A perfected secured creditor's lien is, thus, a purchase within the contemplation of the drafters of the Bankruptcy Code, and, as such, renders a subsequent mechanics-type lien avoidable by a trustee.
This construction is in harmony with New Jersey law. First, the definitions section of New Jersey's enactment of the Uniform Commercial Code (N.J.S.A. 12A:1-201) states:
(32) "Purchase" includes taking by sale discount, negotiation, mortgage, pledge, lien, issue or re-issue, gift or any other voluntary transaction creating an interest in property.
Second. New Jersey courts have not definitively ruled on the issue of priority as between non-possessory secret liens and a perfected security interest. In re Mission Marine, 633 F.2d 678 (3rd Cir. 1980). See also Board of Education v. Kolman, 111 N.J.Super. 585, 270 A.2d 64 (Ch. 1970).

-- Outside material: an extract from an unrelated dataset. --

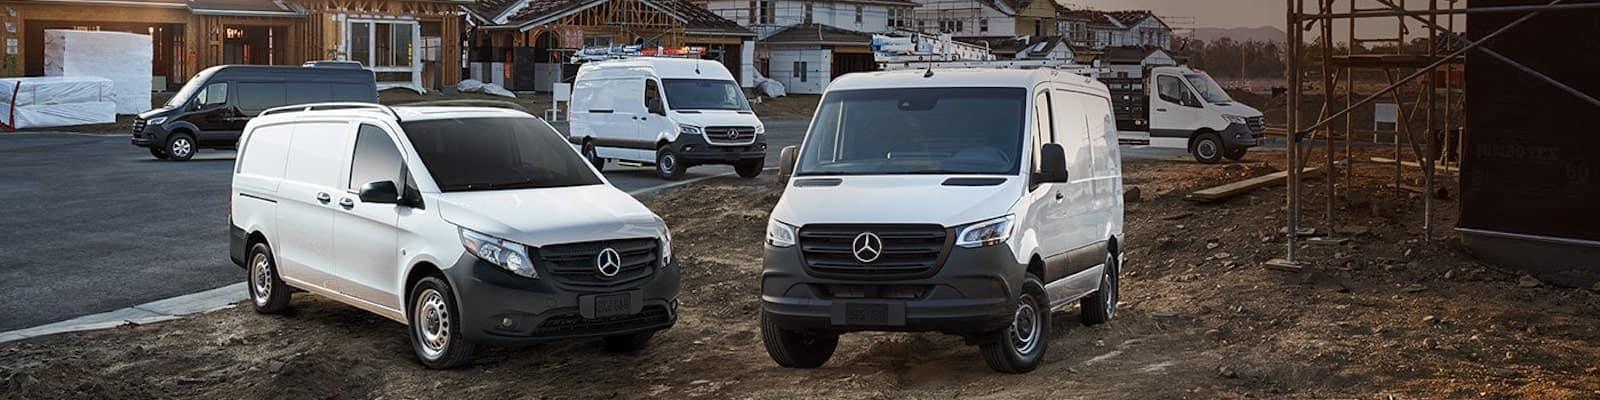 Mercedes-Benz Commercial Vans

To allow Plaintiffs to prevail would effectively sanction a secret lien which this court declines to do. The United States Court of Appeals for the Third Circuit, in overturning a district court's reversal of a Bankruptcy Court decision, reiterated New Jersey's policy against secret non-possessory liens, citing with approval Lanterman v. Luby, 96 N.J.L. 255, 259, 114 A. 325 (E & A 1921):
Secret liens upon chattels are an obstruction and a menace to trade and as such are against the policy of the law. They attempt to contradict and to destroy the universally accepted and natural, as well as legal badge of ownership of chattels, which is possession. The law is most jealous in its protection of an innocent purchaser of a chattel for value without notice, who has relied upon possession as the badge of ownership.

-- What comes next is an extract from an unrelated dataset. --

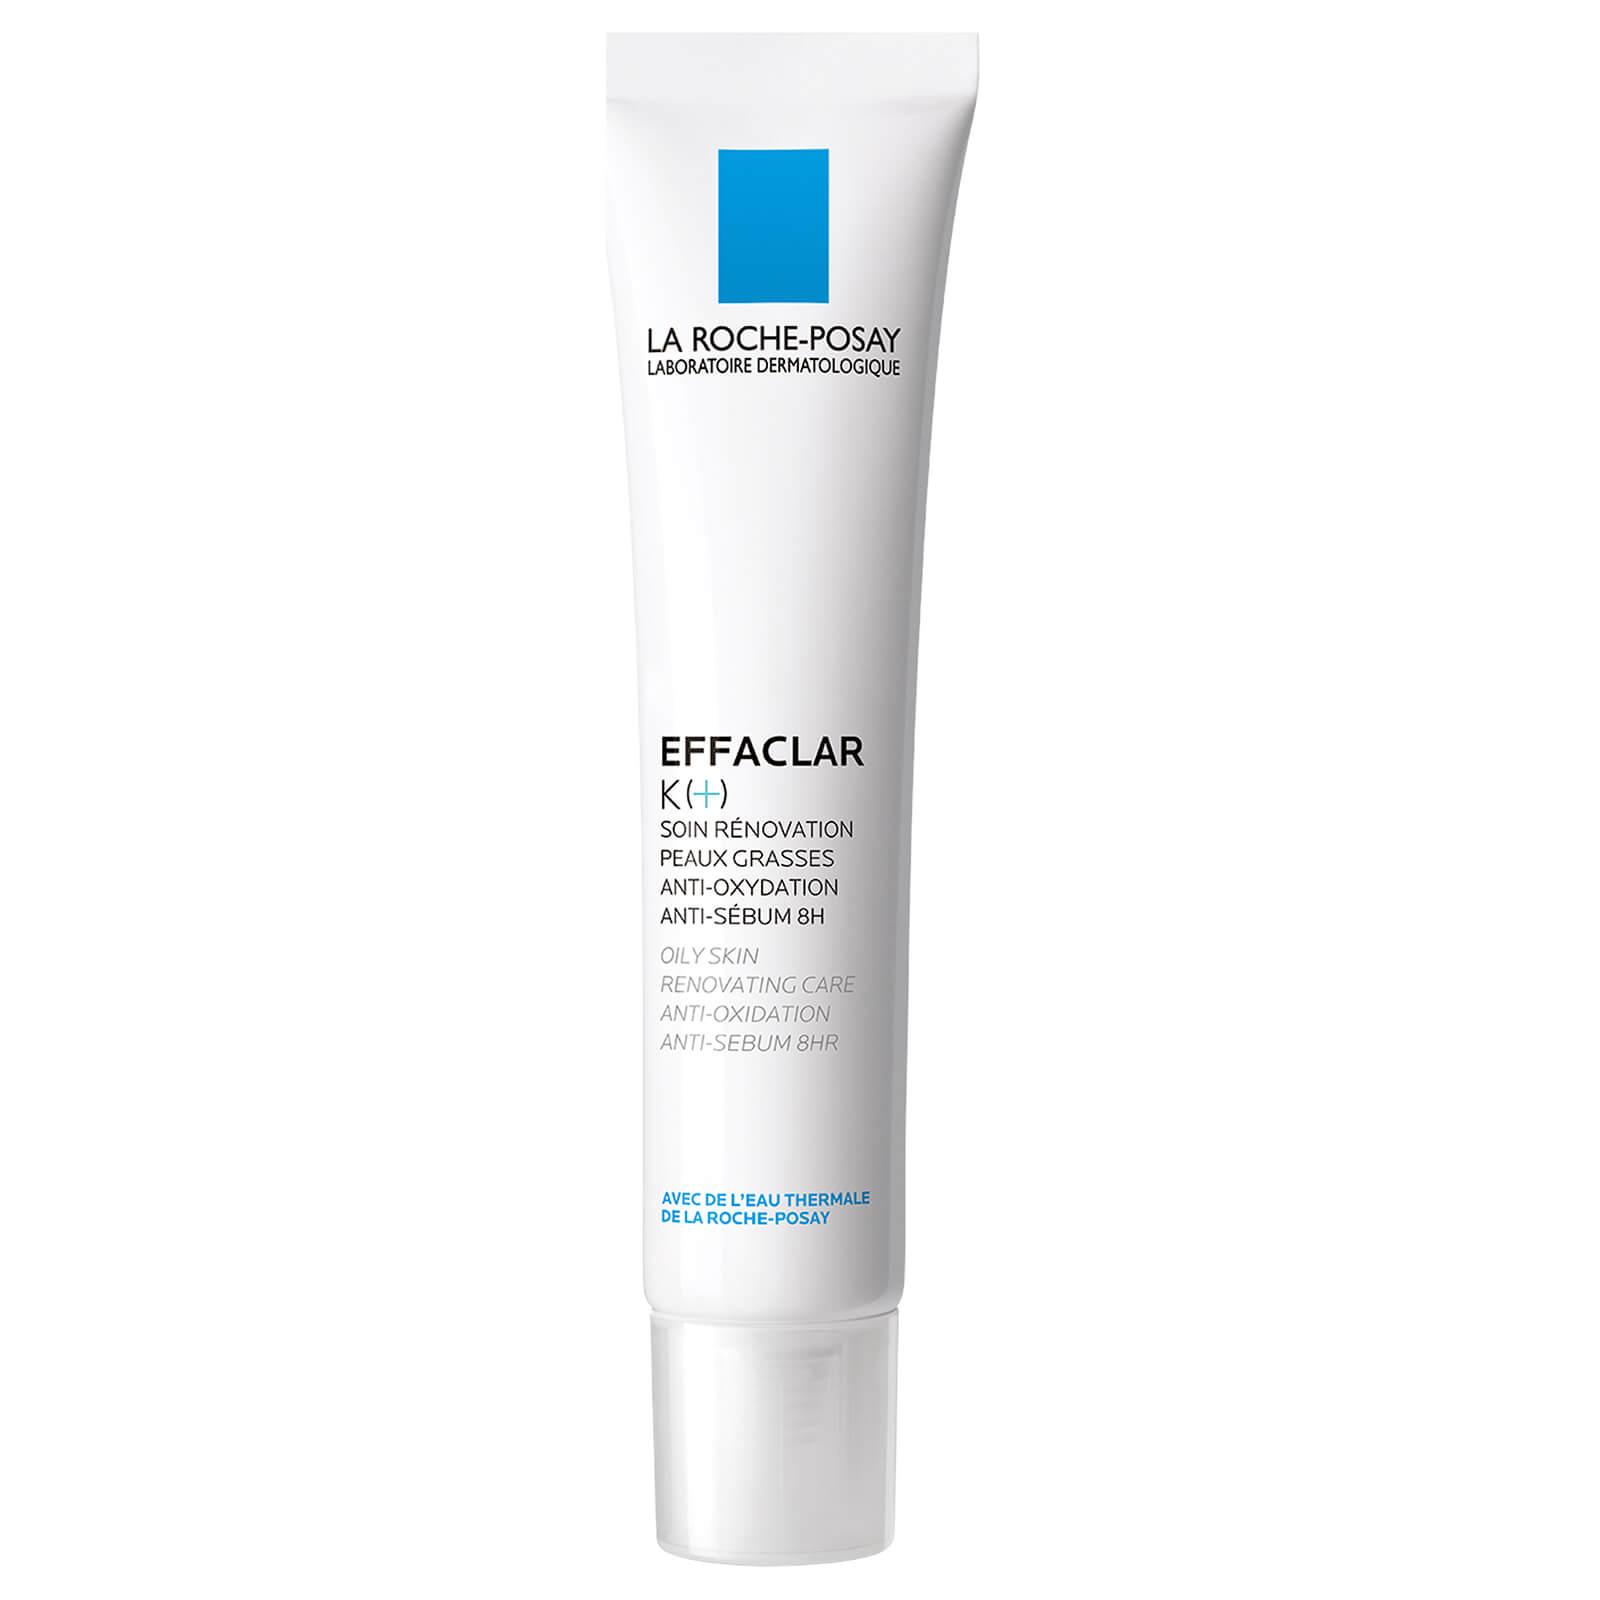 Crema anti-sebo y brillo para pieles grasas de La Roche-Posay

In re Mission Marine Associates, Inc., supra at 681.
In an unpublished Bankruptcy Court Opinion which the United States Court of Appeals for the Third Circuit upheld, Judge Lipkin was unrelenting in his excoriation of the undisclosed lien:
One of the cardinal principles of the Bankruptcy Act is to create equality wherever possible among creditors of the bankrupts or debtors and to strike down secret liens.
* * * * * *
Not only does the Bankruptcy Act abhor secret liens, it frowns upon equitable liens (footnotes omitted). In re Mission Marine Associates, Inc., No. B-79-01241 Slip op. at 19. (D.N.J. Aug. 17, 1979).

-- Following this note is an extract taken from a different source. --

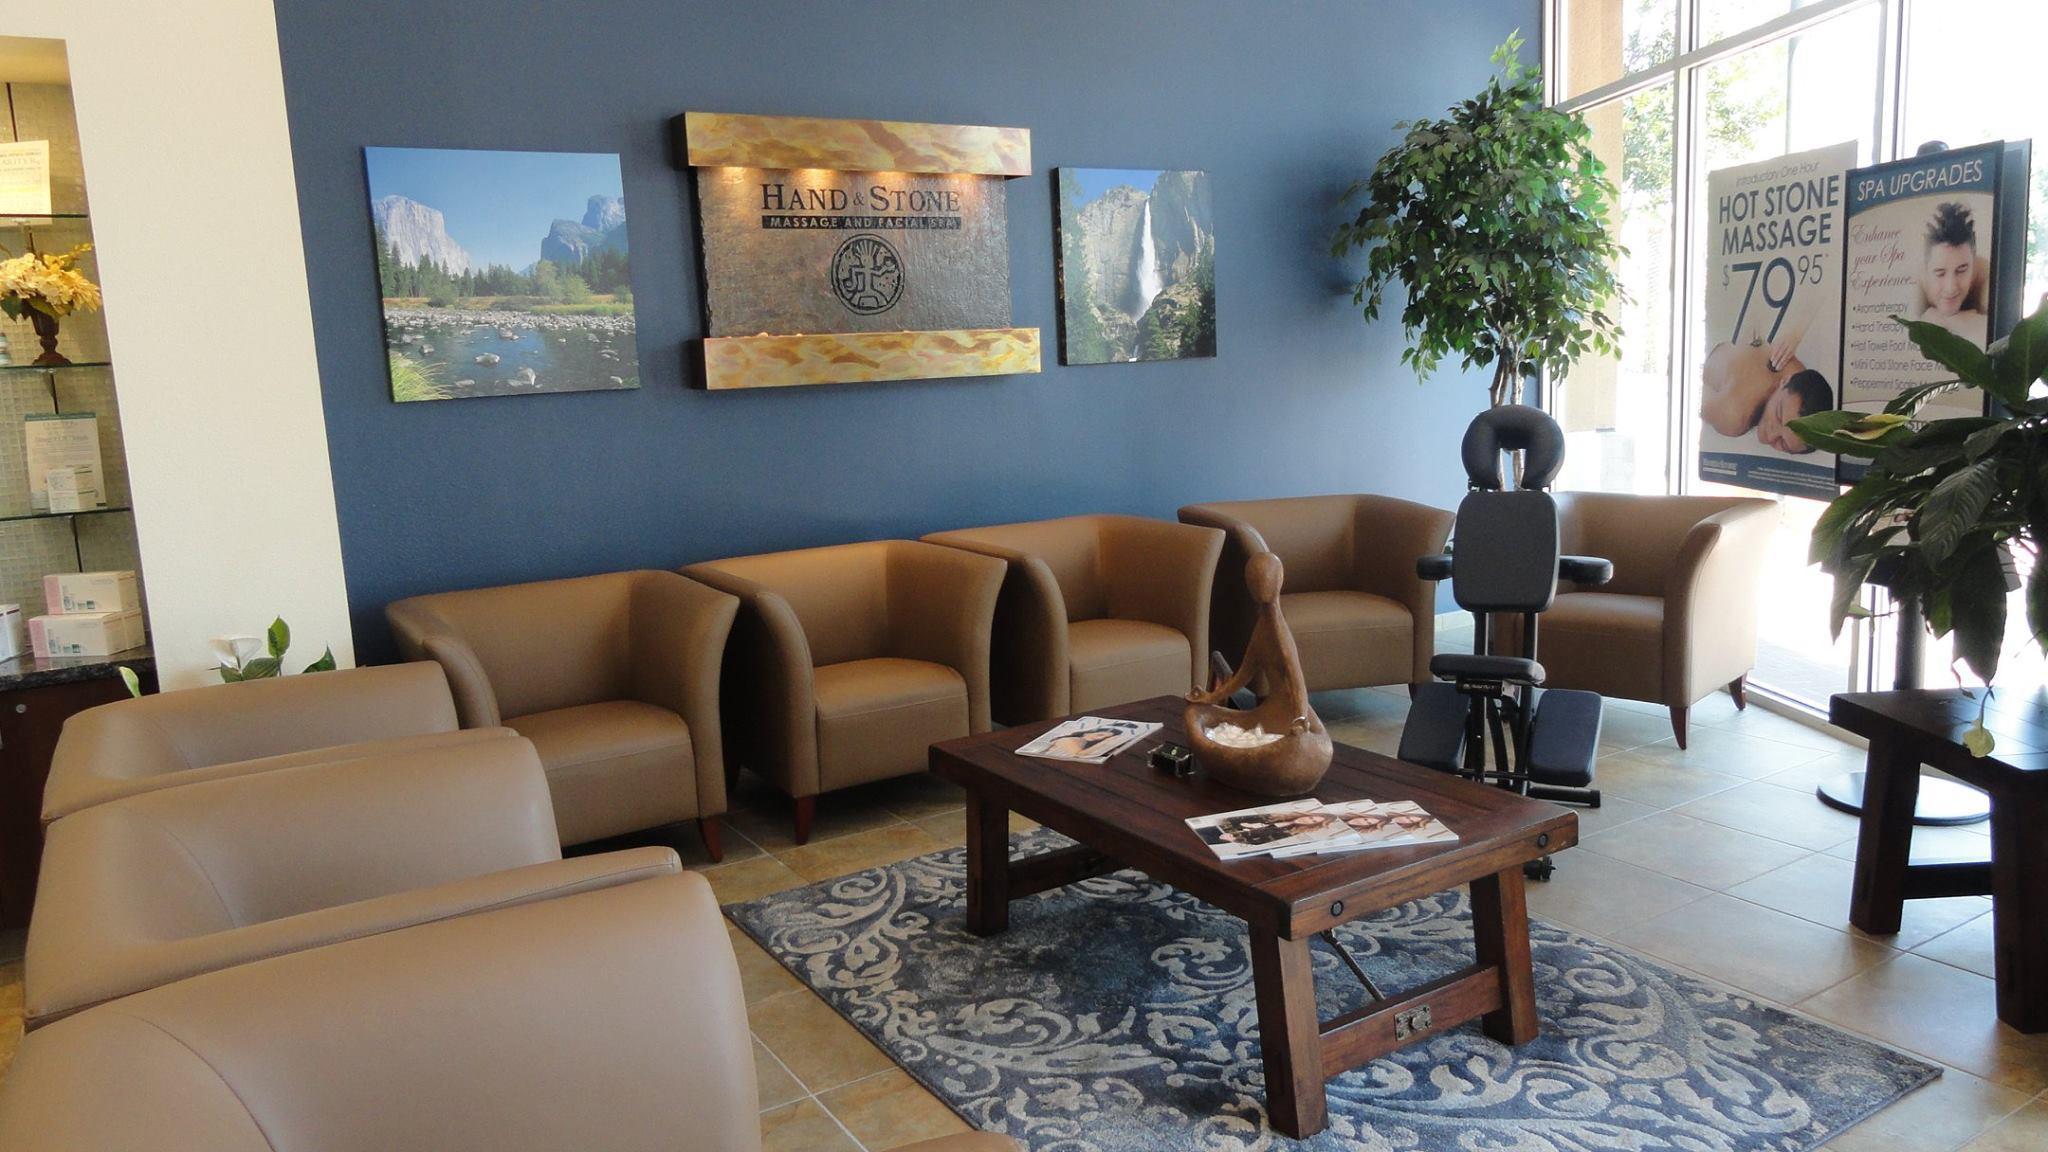 Hånd Stone massage og ansigtsbehandling Spa, Fresno Californien Ca-7738

In upholding a denial on application for reclamation of personal property, Judge Irving R. Kaufman, writing for the court stated, "the fundamental purpose of reorganization proceedings is to enable the debtor to continue operations as well as to protect the rights of creditors . . ." In re Yale Express System, Inc., 384 F.2d 990, 991 (2nd Cir. 1967).
Based upon the foregoing factual findings and legal conclusions, Plaintiff's complaint to modify the automatic stay so as to permit perfection of a lien is denied.
IT IS SO ORDERED. Let an order in conformity with this Opinion be submitted by the attorney for the debtor-in-possession.